My distress now escalated intensely when, returning to face the fire, I encountered looming above me the most disgusting and loathsome animal. In the warmth of the fire, I could smell its glandular odors, undoubtedly the result of copious and revolting secretions. The smell was akin to that of the sweating animals that had assailed me when I first revived from unconsciousness, but at that time the smell had called to mind the not unpleasant associations of the domestic animals of my childhood. Now the stench paired with the horrifying sight of the animal in full, and I fought to restrain myself from gagging.

The animal was exceedingly large and hairy. Long, thick hair coated its entire body, but the tufts changed their composition and density about the armpits and genitals, and its lengthy, ugly face was relatively free of fur. My attention was drawn to milk, leaking from the nipples of the animal’s heavy two teats. The nipples were brown in the firelight, and the pale milk glistened on their tips. The teats lowered as the animal dropped to a crouch beside the fire and began pawing at the meat roasting on the stone. Though capable of bipedal movement, the animal also possessed forelimbs that were long and muscularly delineated. I noted that each of its paws included five digits and opposable thumbs.

These paws now thrust themselves into my face, holding out a dreadful dead thing that I momentarily realized was a whole roasted hare. This development was gruesome and chilling. The paws were enormous and hairy and clawed, greasy and steaming with meat. The hare’s eyes had cooked menacingly in their sockets, and its facial meat had retracted from its mouth during the roasting, exposing its aggressive, yellow teeth. I recoiled in horror, my face contracting around my nose, my eyes wincing shut to save me from the sight.

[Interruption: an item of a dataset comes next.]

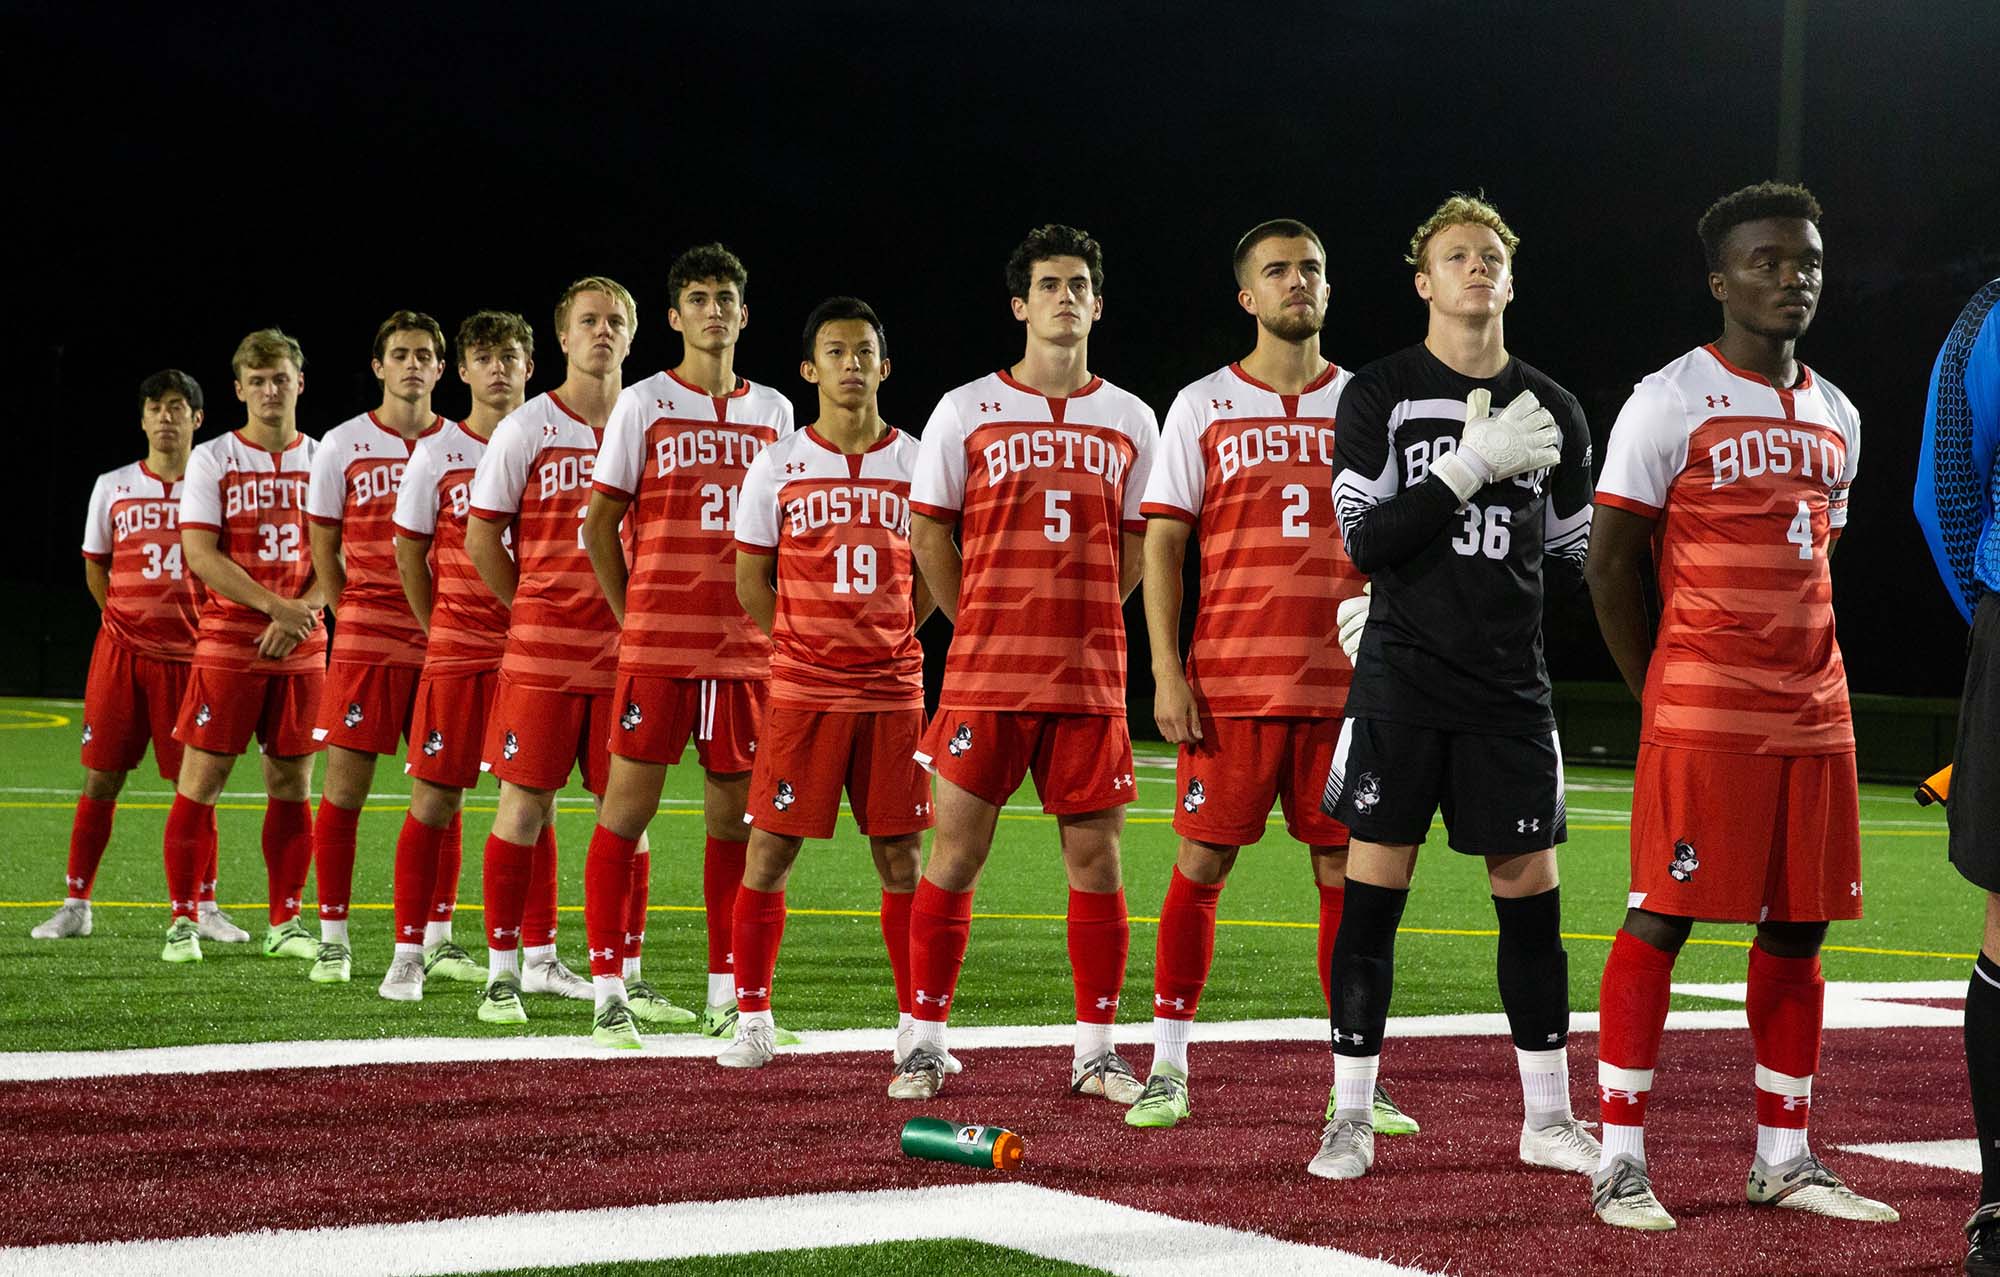 Photo of Kargbo (far right) with his teammates on the field during a fall 2021 game.  They all stand in a line wearing red and white soccer uniforms that read "Boston" as well as their player numbers. The goalie stands at the front in a black and white version of the same uniform.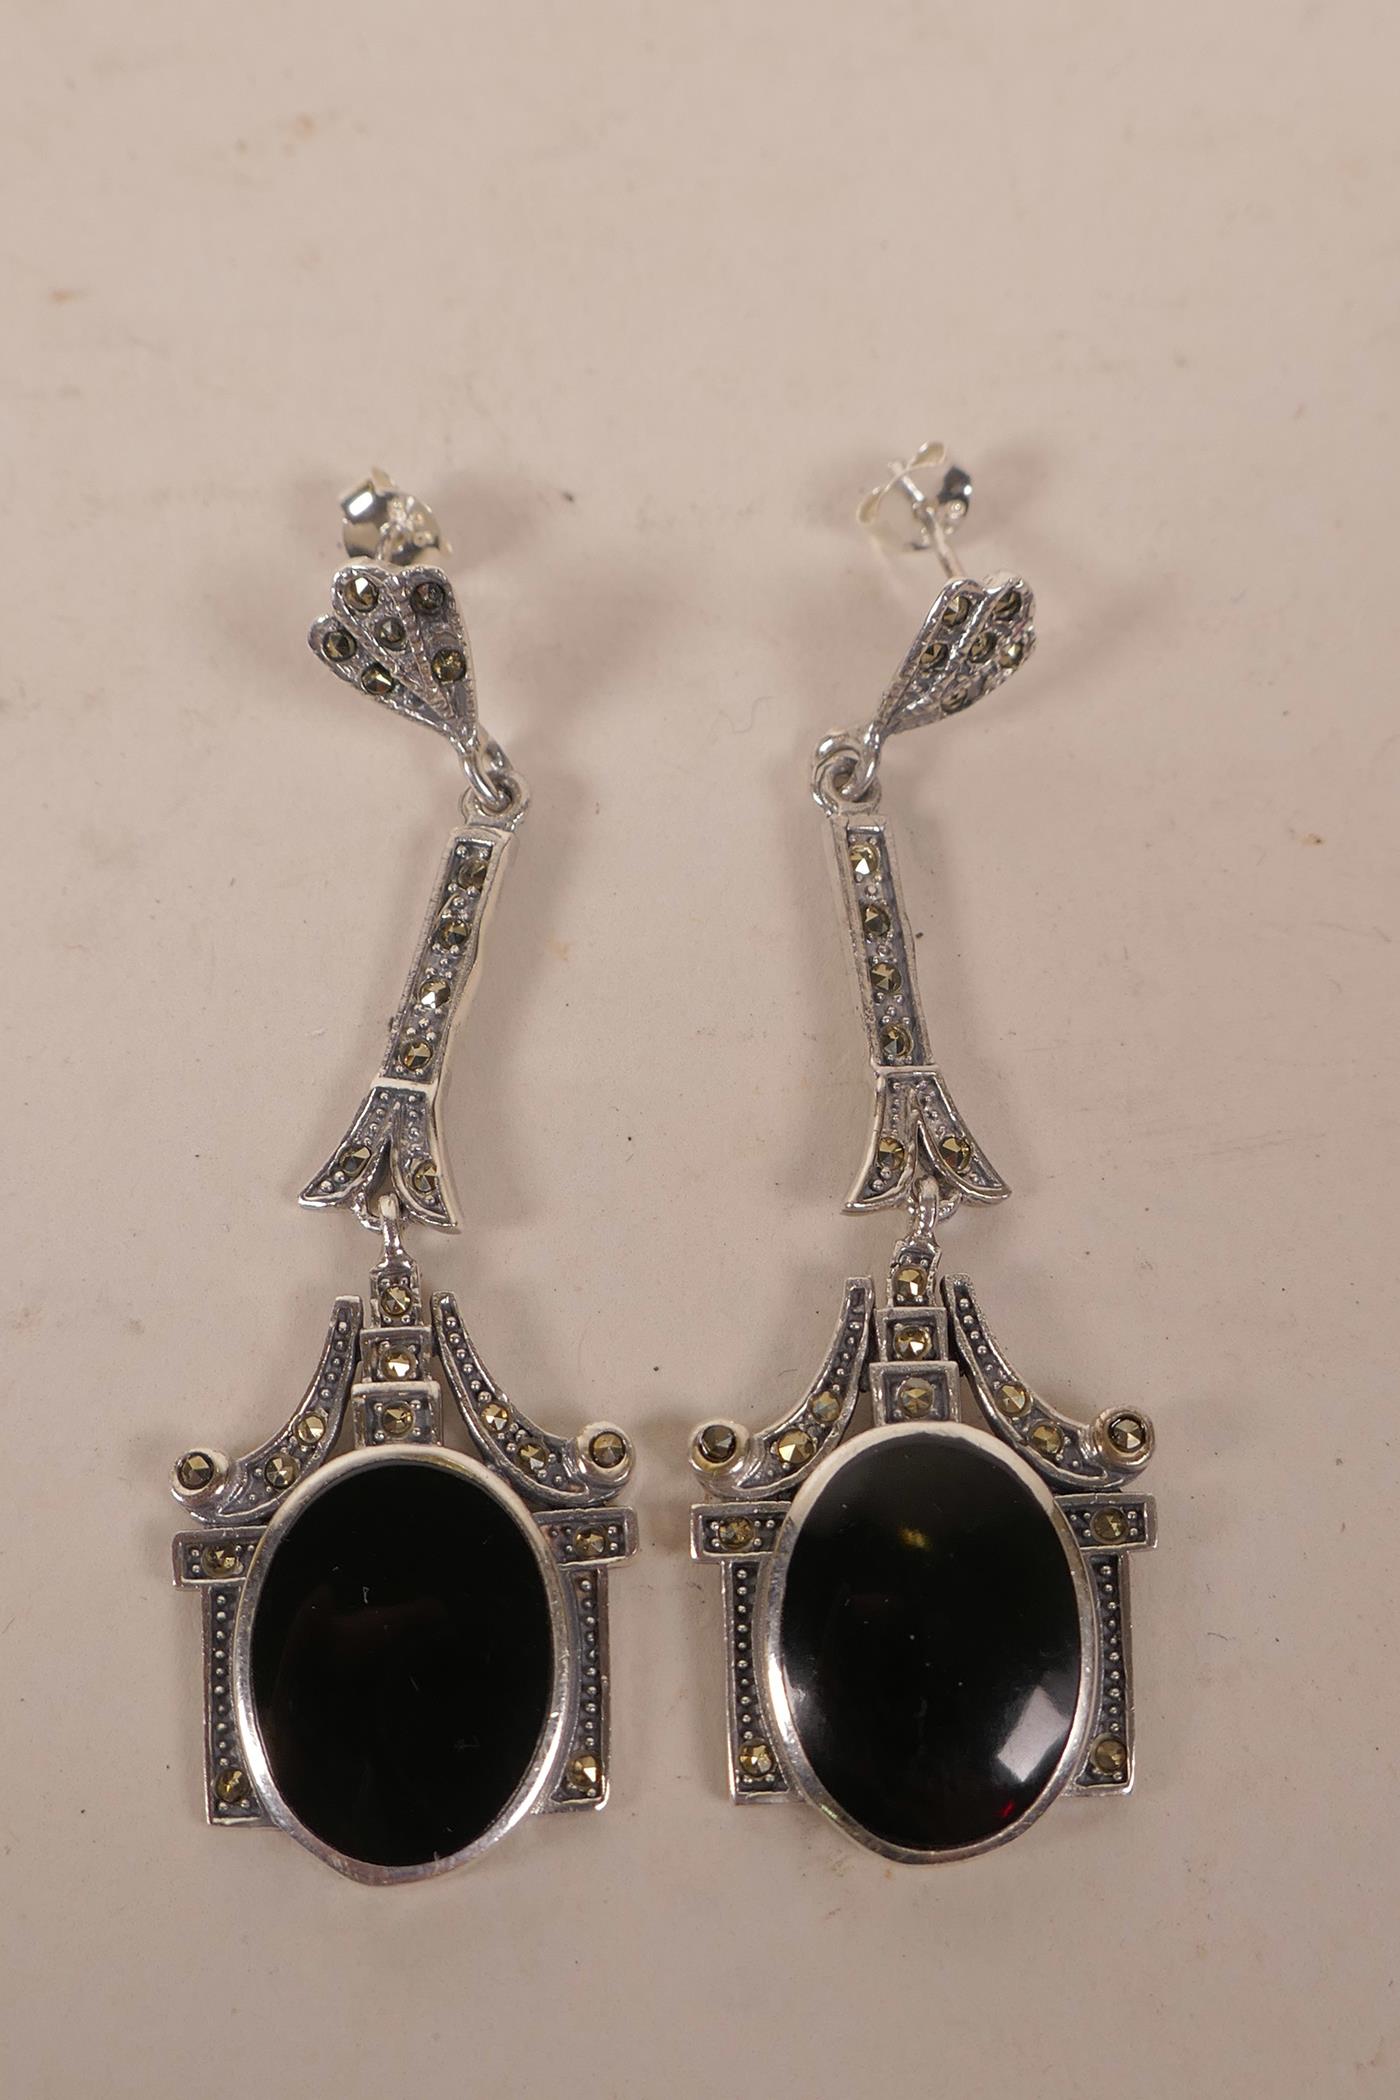 A pair of silver, enamel and marcasite set Art Deco style earrings, 2" long

But with my eyes closed, my predominant sensory experience was the smell of roasted meat, and in my state – famished – I admit the smell was tantalizing. I re-opened my eyes and was instantly appalled into a state of nervous excitation so extreme that I was unable to move. Meeting my eyes were those of the animal. The eyes were larger than mine and brown. I recall the pupils seemed like globes of starless night sky and just as terrifying. Long, thick lashes, like those of a cow, rimmed the animal’s eyes. Clear liquid pooled in the corners of the eyes and balanced on the lashes, threatening to overspill in a tear.

The animal had a pronounced brow which sprouted fur, and it was moving its brow and the skin around its eyes in a manner that aped facial expression. If I had not been educated, I might have thought the animal was expressing concern for me. But, of course, I was in a desperate condition, paralyzed with fear, and suffering nervous exhaustion and profound hunger. To hallucinate the companionship of a pitying presence – even in the form of this abomination – is an understandable indicator of the extremity of my state.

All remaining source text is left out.